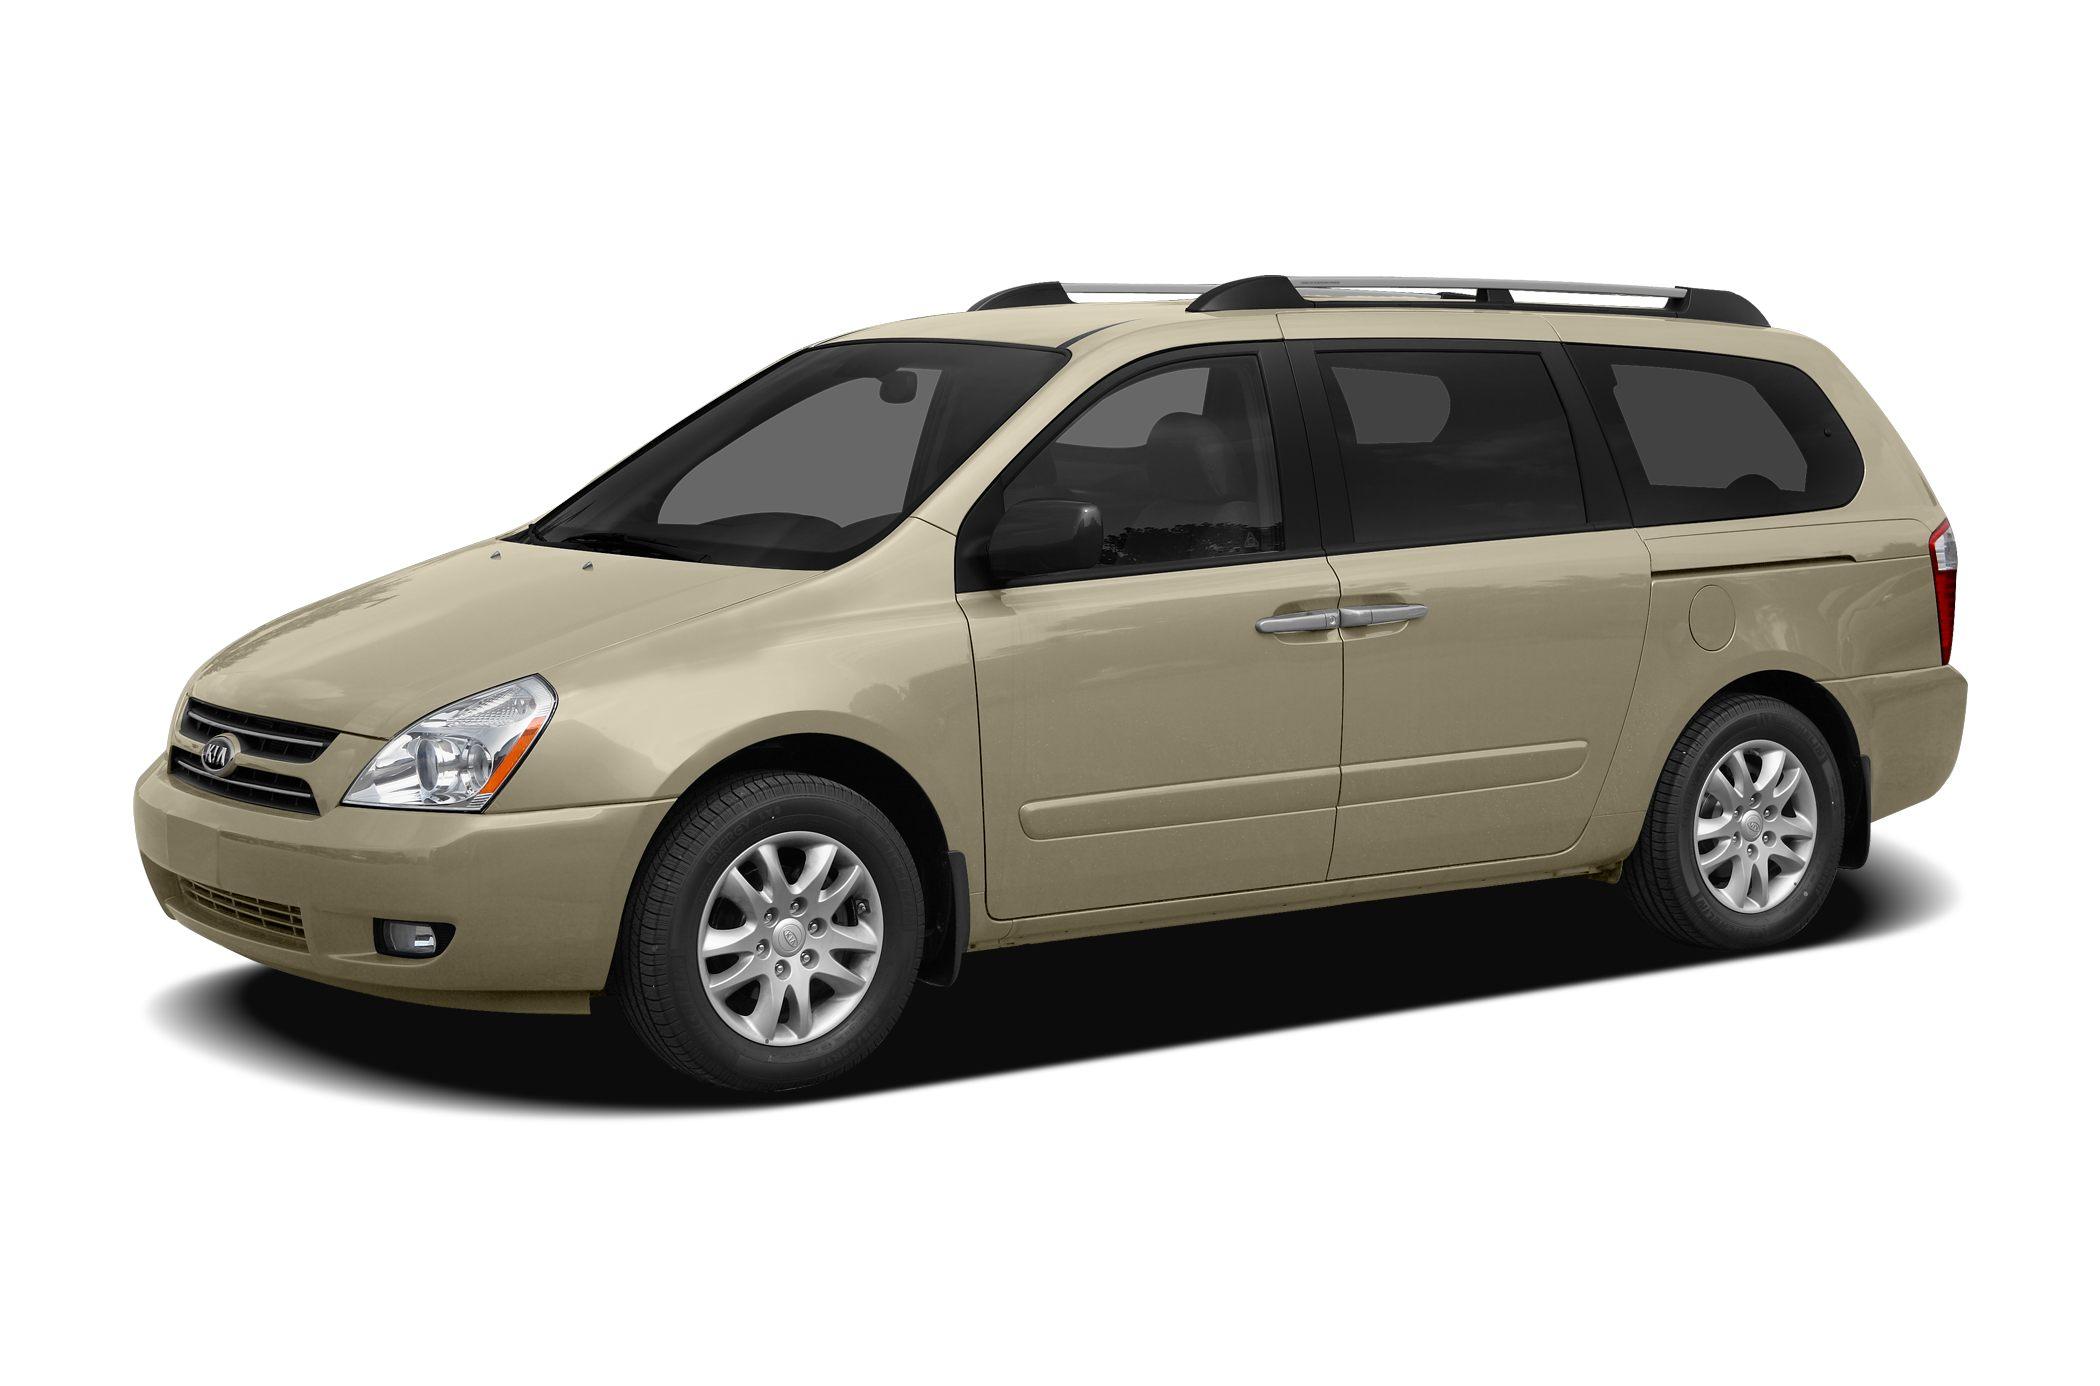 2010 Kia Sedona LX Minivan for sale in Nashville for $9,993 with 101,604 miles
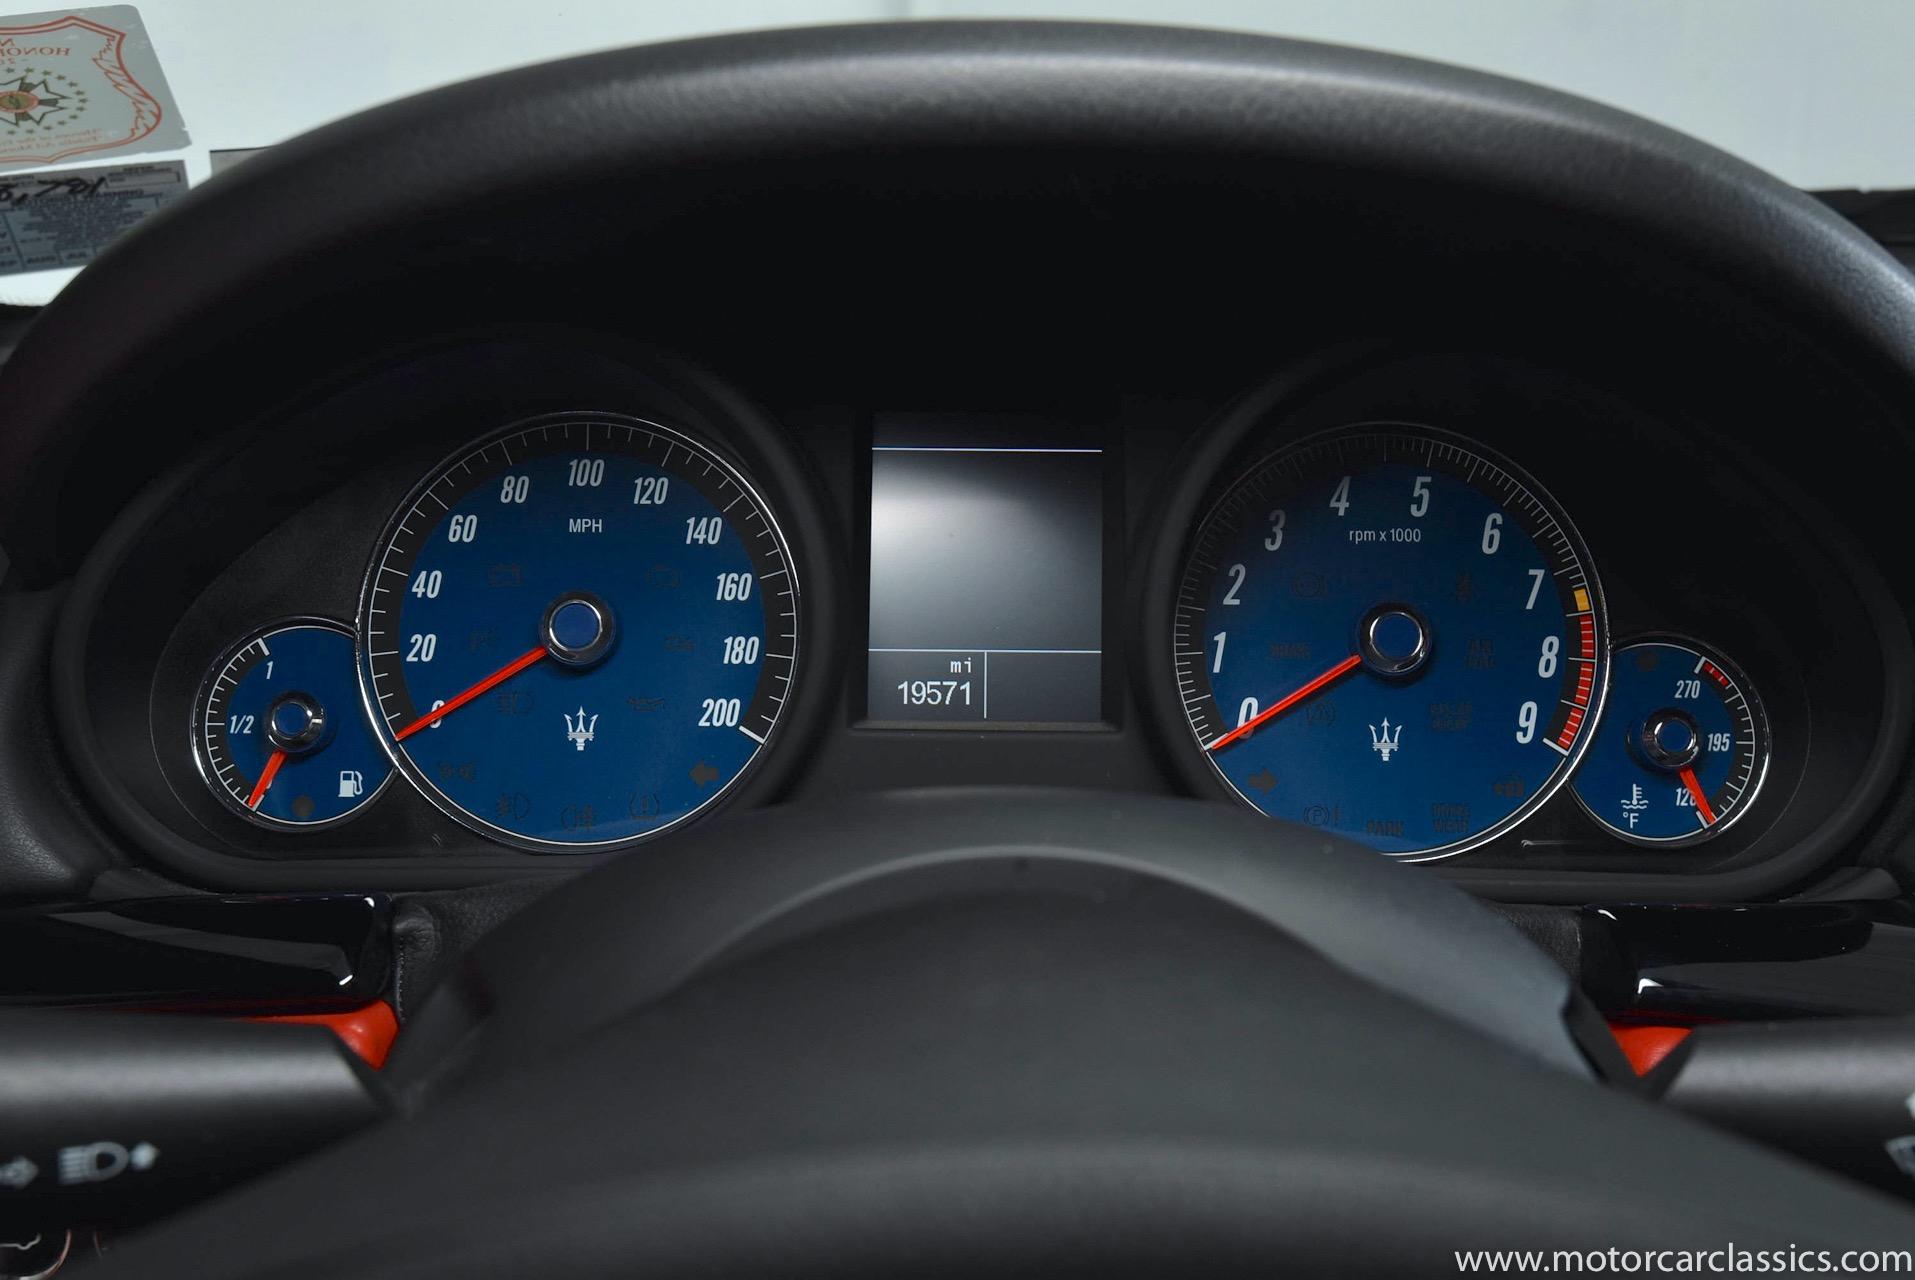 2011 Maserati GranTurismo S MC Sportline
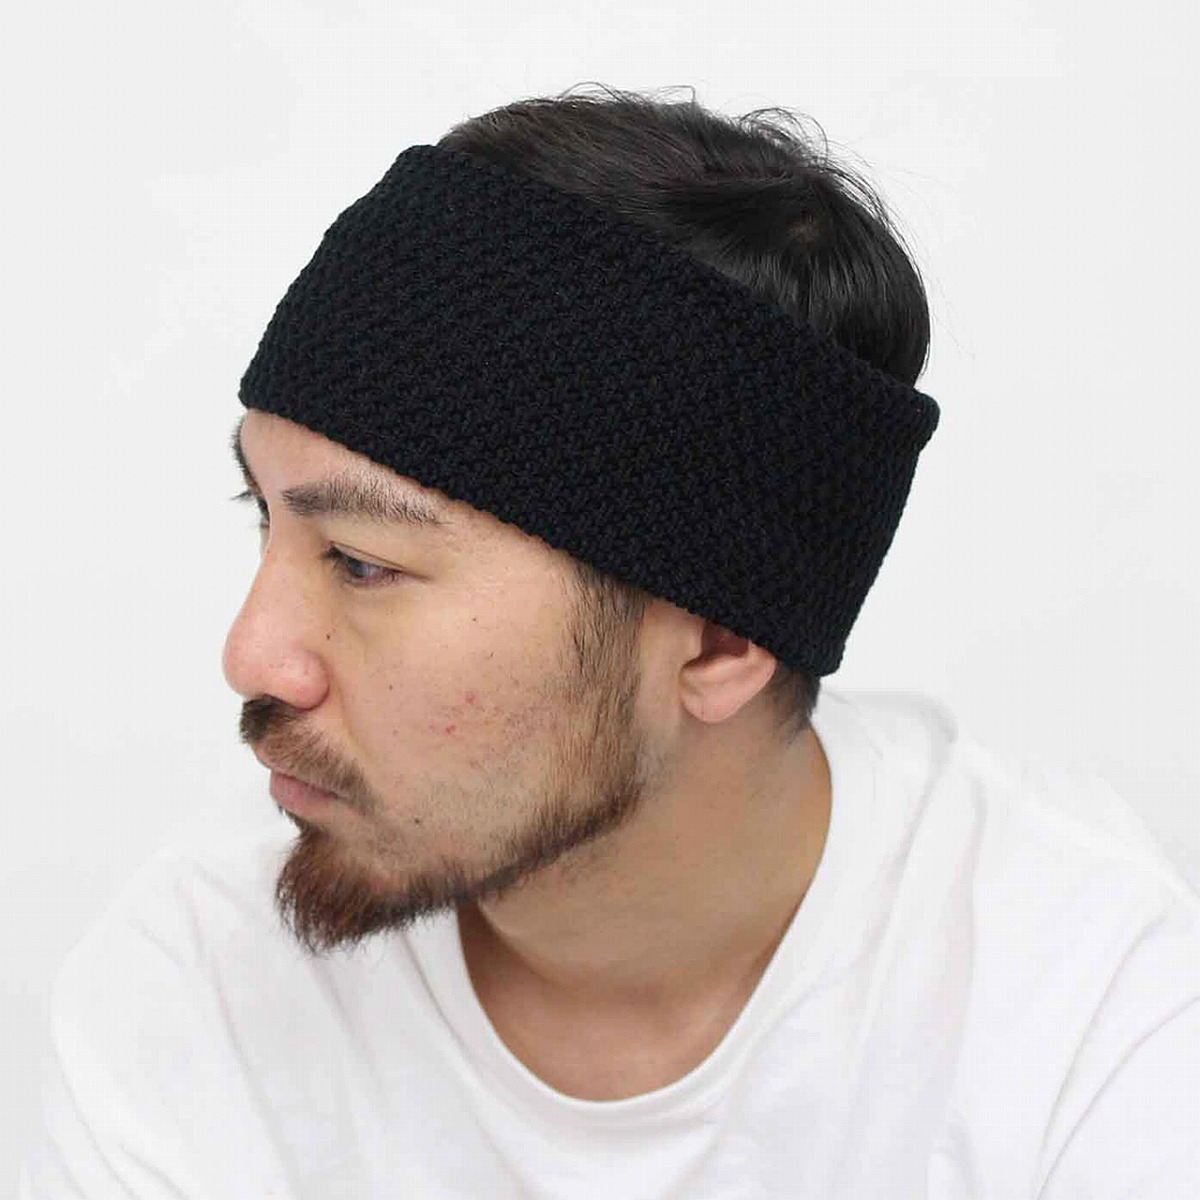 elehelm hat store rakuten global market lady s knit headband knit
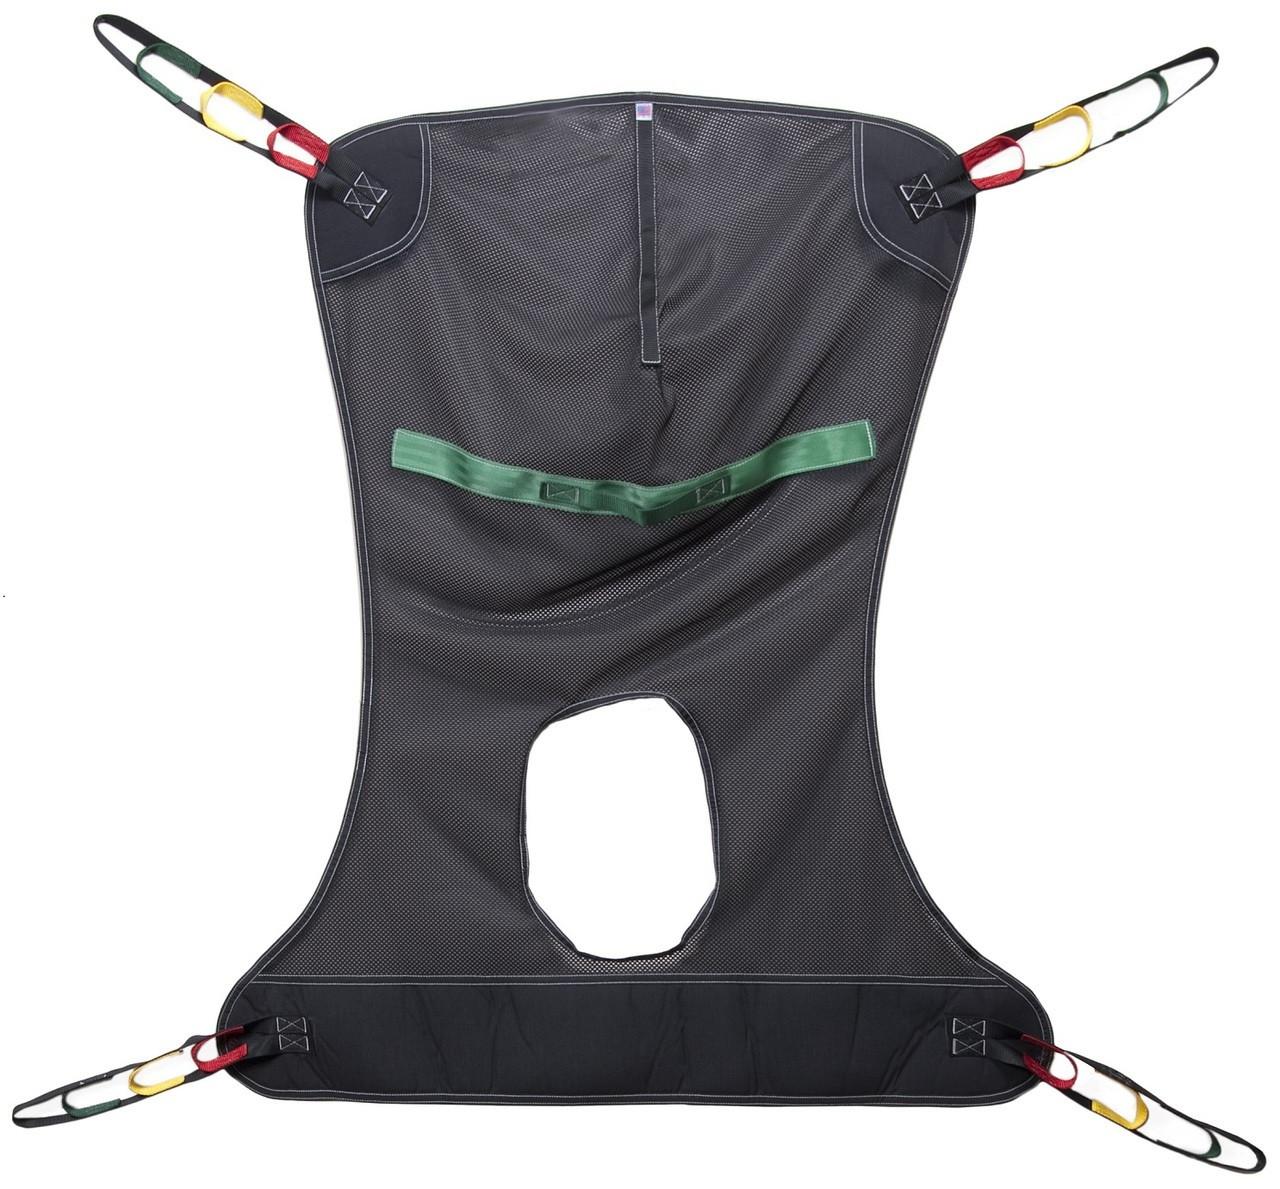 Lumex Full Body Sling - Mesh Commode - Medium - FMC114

[What you should do]:
Copy all of the data word for word, and keep the pictures out of it.

[Answer area]:
 2010 Kia Sedona LX Minivan for sale in Nashville for $9,993 with 101,604 miles
 2011 Maserati GranTurismo S MC Sportline
 elehelm hat store rakuten global market lady s knit headband knit
 Lumex Full Body Sling - Mesh Commode - Medium - FMC114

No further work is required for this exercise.